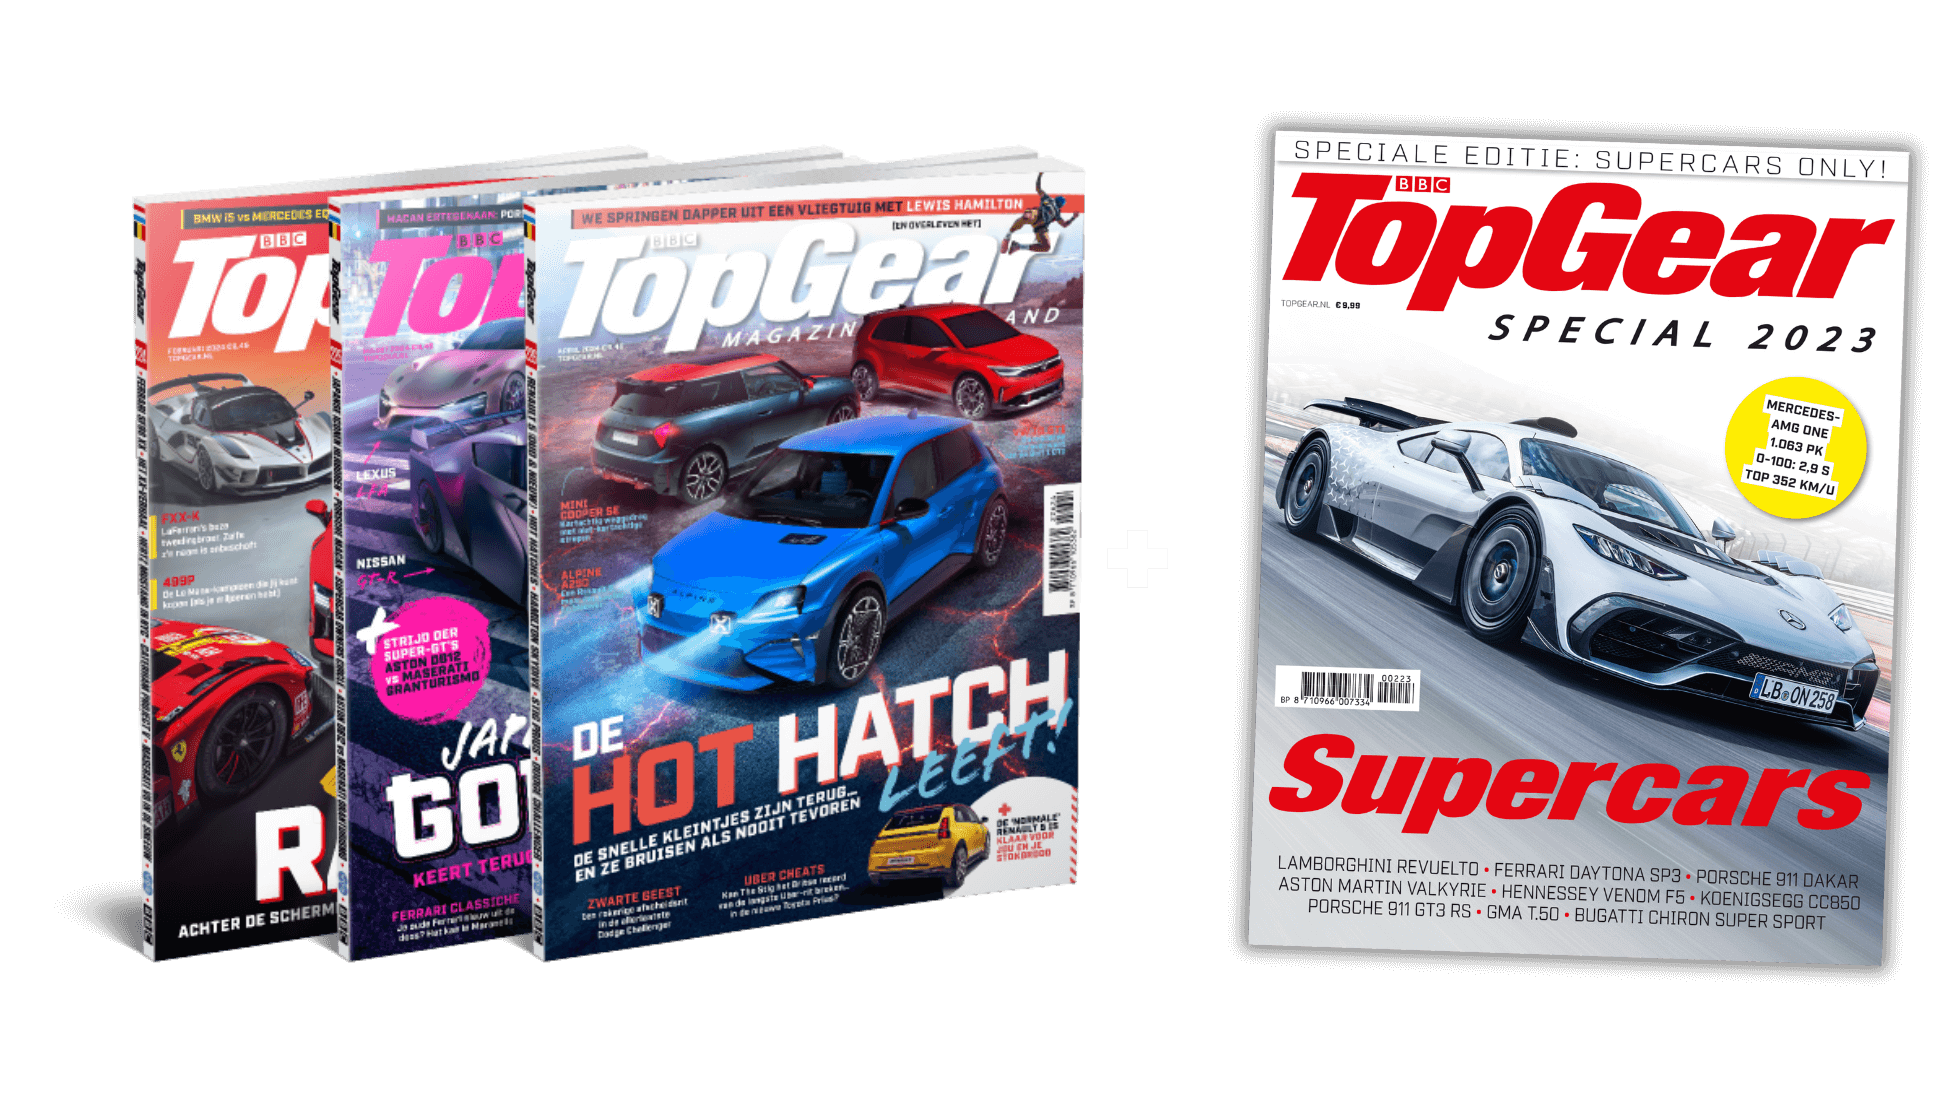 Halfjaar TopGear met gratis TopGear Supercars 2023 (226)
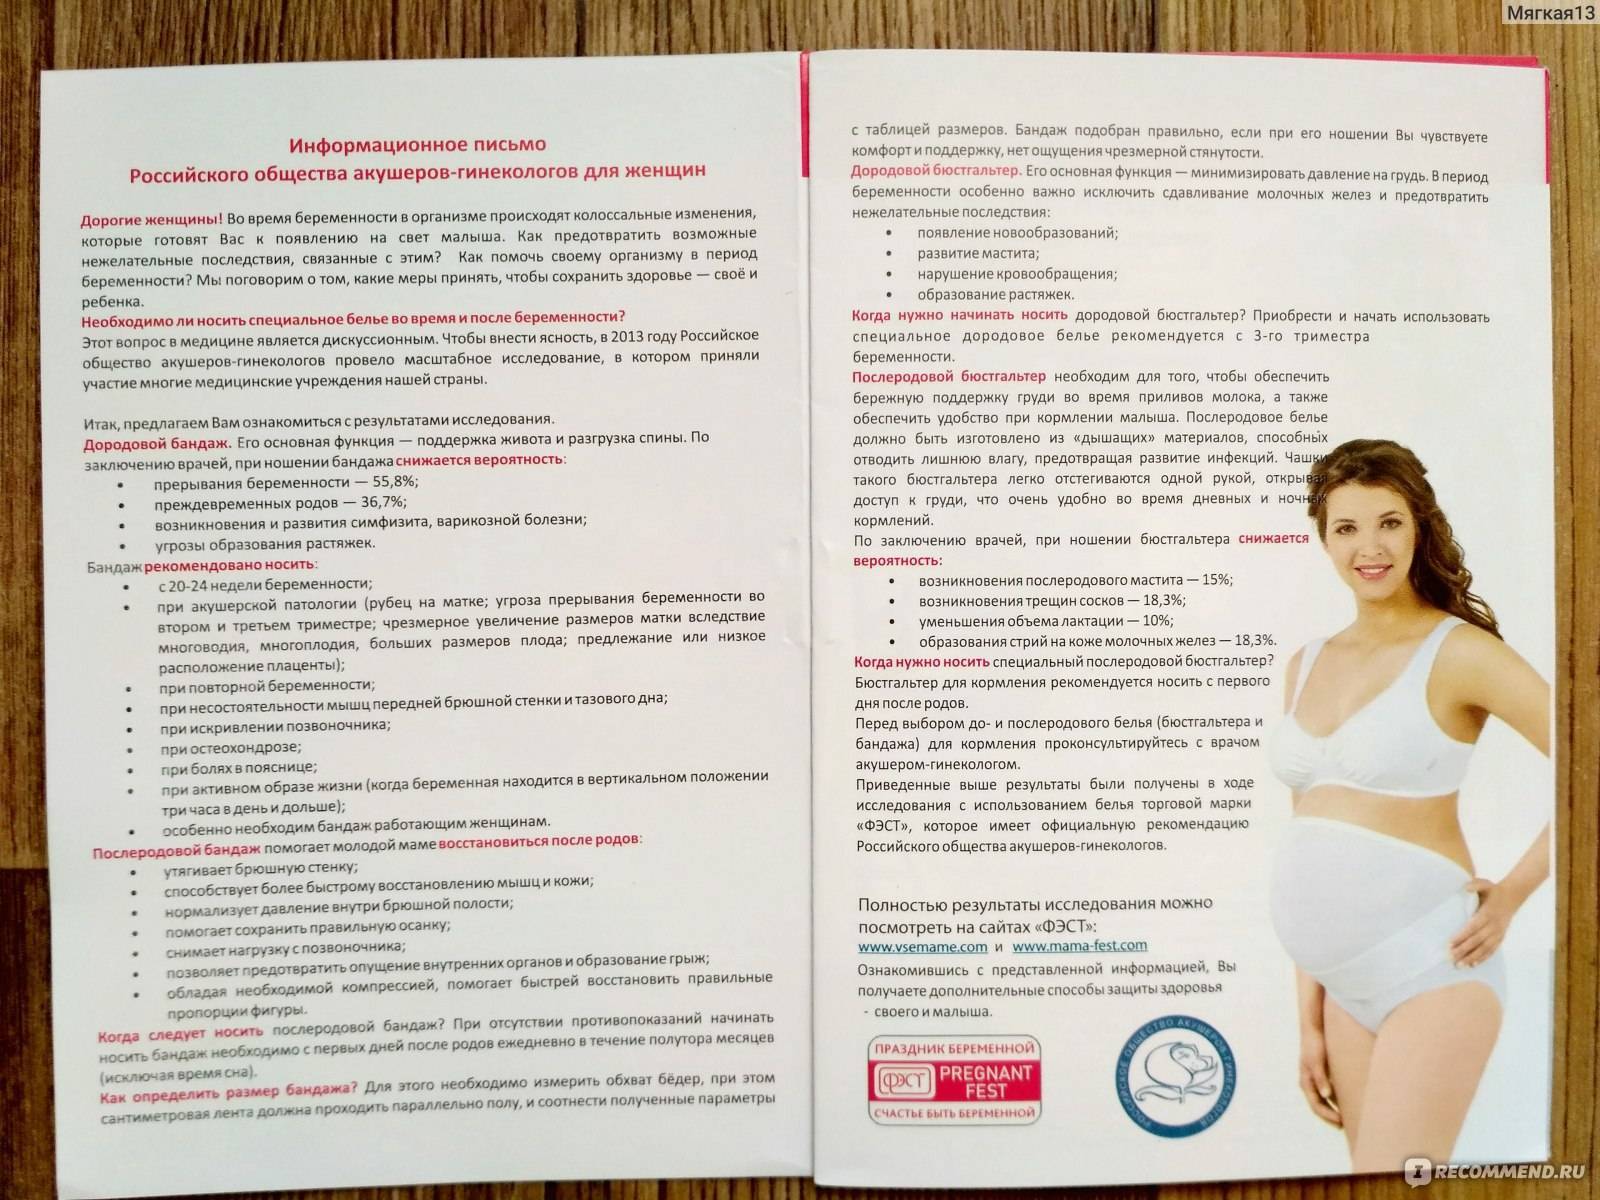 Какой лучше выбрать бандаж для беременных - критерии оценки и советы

+ + + + +

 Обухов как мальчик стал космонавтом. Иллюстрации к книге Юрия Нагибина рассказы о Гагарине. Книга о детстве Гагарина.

+ + + + +

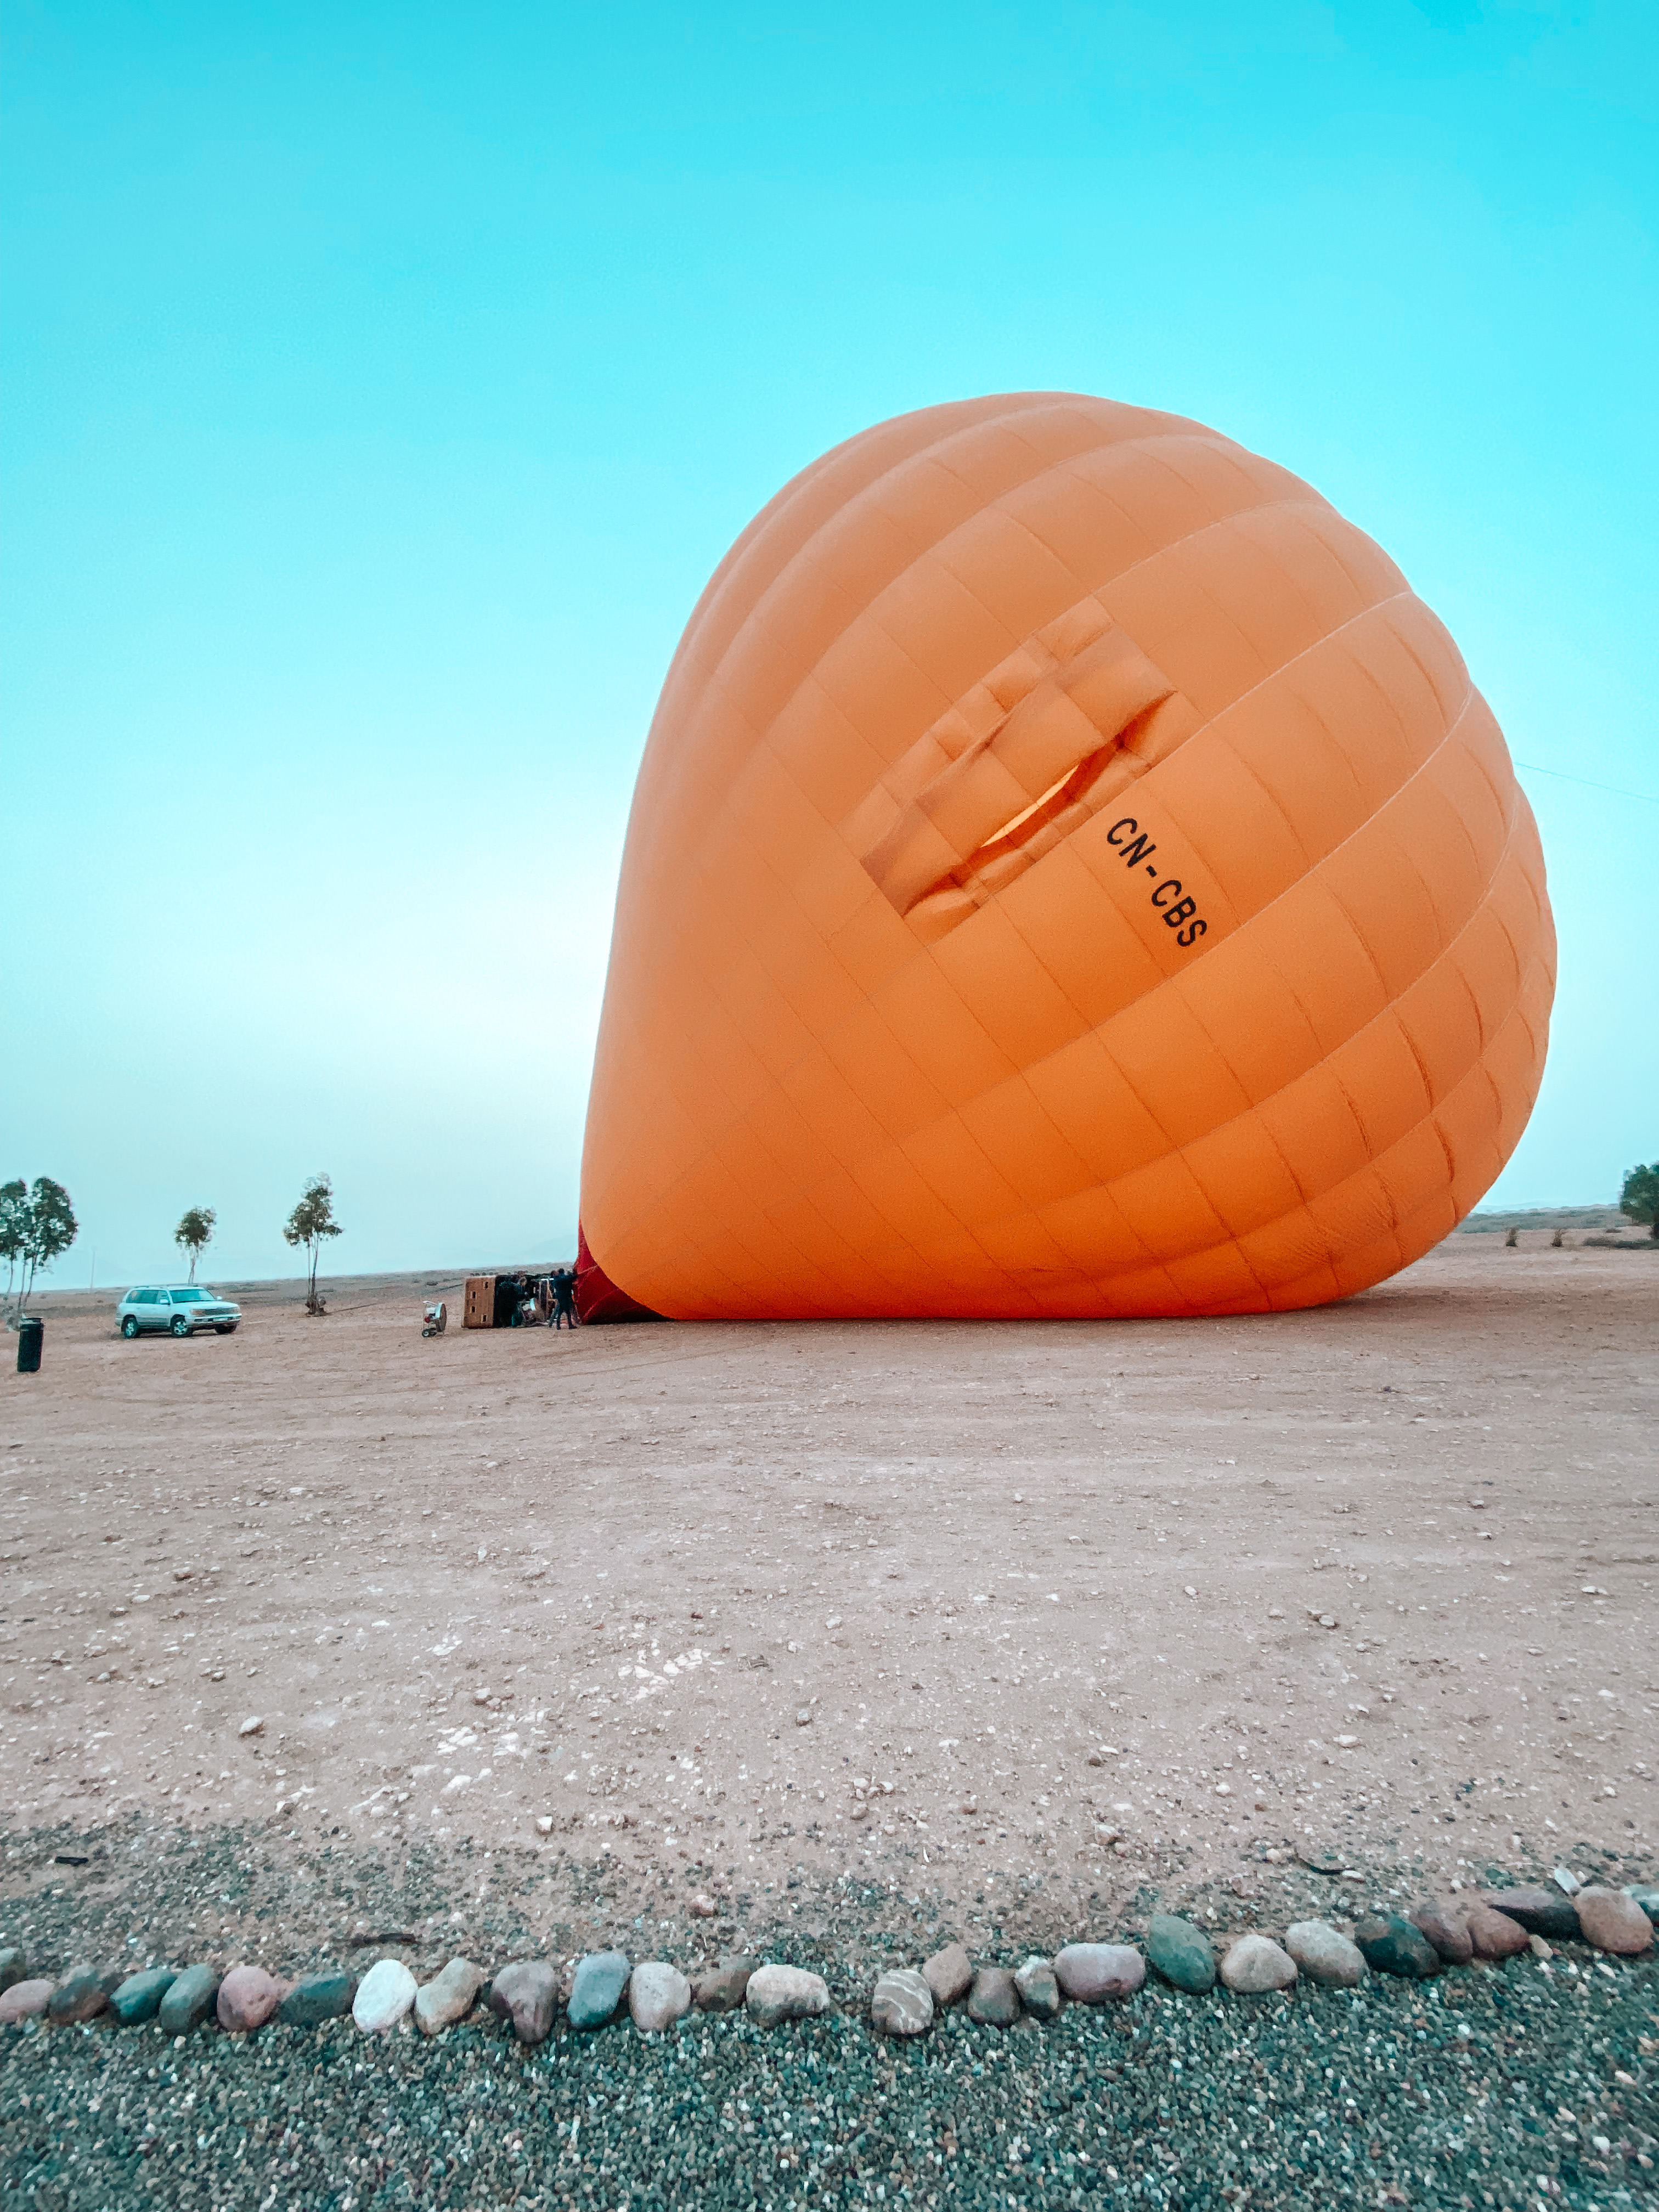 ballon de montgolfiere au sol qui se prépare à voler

+ + + + +

## ACTIVITY
In the data above, find the line with "Halfjaar TopGear met" and the line with "Какой лучше выбрать". Please copy exactly those two lines and every line between them, but not the pictures.

## TASK RESPONSE
 Halfjaar TopGear met gratis TopGear Supercars 2023 (226)
 Какой лучше выбрать бандаж для беременных - критерии оценки и советы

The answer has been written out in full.